I am sorry for the drama. I know I have no right to complain. You have done so much for me God. I am truly grateful for all that you have done and do in my life. I am grateful for who you are. I am sorry I have let the doubts get the better of me today. I know that you have already said I am the head and not he tail, that you will make me succeed, that I am a priest and a king. I know that you have said that I can do all things through you. God, I am trying to encourage myself and look at how you see me. I am not doing a very good job of believing it tonight. Help please.


What God Said Tonight:
It is transition time again. You always get unsure of yourself in transitions. It is normal but it is not necessary. Stop worrying about what you can and cannot do. Start remembering what I can do. 


In this next season after the transition, you will have to lean on me even more. I will be asking you to do many things that are beyond your ability to do them. You will need to turn to me for every one of them. I have gifted you with many talents and you have used them all for my Kingdom. I cannot tell you how much that has meant to me. Now, it is time for the next level. Now it is time for you to trust me to do what I have promised. Now it is time for you to rely on me for every step and every accomplishment. 


I have some very specific ideas about how we are to move forward and I will guide and direct you through it all. Your job right now is to let go of the notion that you have to do it all. You only have to show up and I will take care of every other step as it is needed. As I have so many times in your past, when you need a new skill, I will give it to you. When you need people to help, I will bring them around you. When you need strength I will give you mine. 


Trust in me, not in yourself.

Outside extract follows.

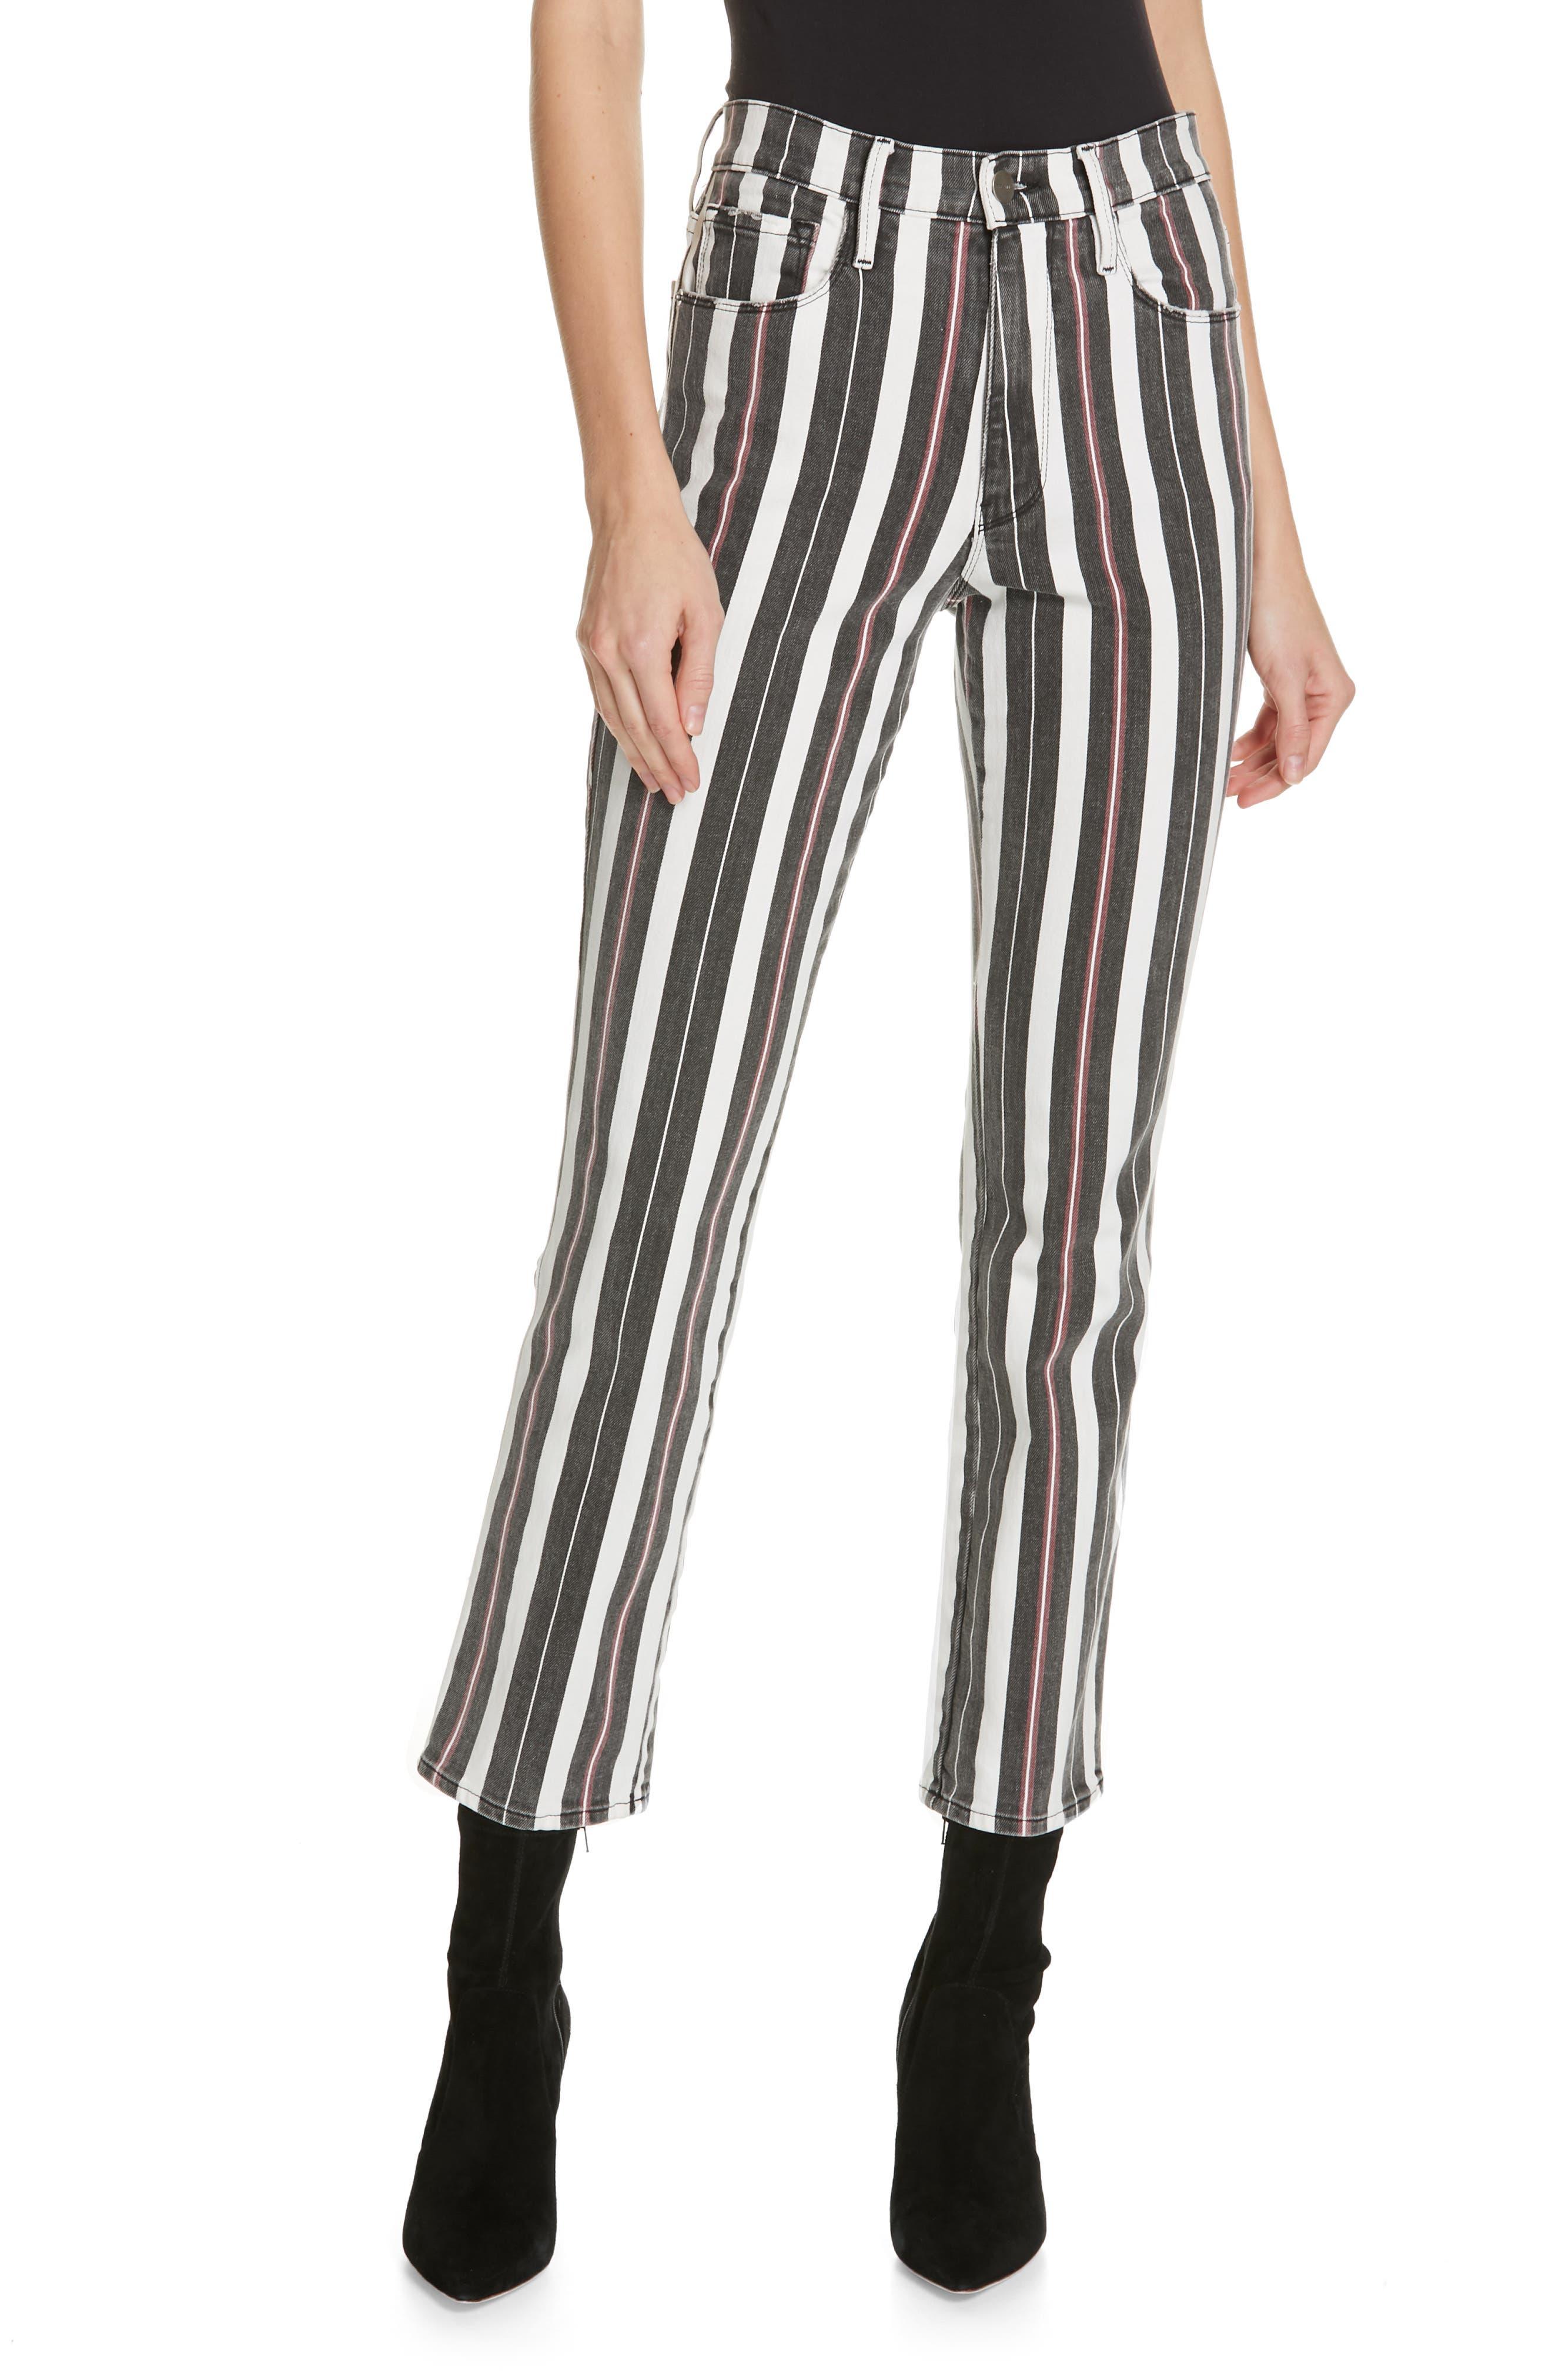 FRAME, Le Sylvie Band Stripe Straight Leg Jeans, Main thumbnail 1, color, BAND STRIPE

You will let you down. Not because you want to but because you are limited. I am not. I love you daughter. Watch during the next couple of weeks and note all of the changes. Know that I have equipped you for it all. Peace I give to you tonight.

1 comment:

  1. John 9:3
    Jesus said, "You're asking the wrong question. You're looking for someone to blame. There is no such cause-effect here. Look instead for what God can do. We need to be energetically at work for the One who sent me here, working while the sun shines. When night falls, the workday is over. For as long as I am in the world, there is plenty of light. I am the world's Light."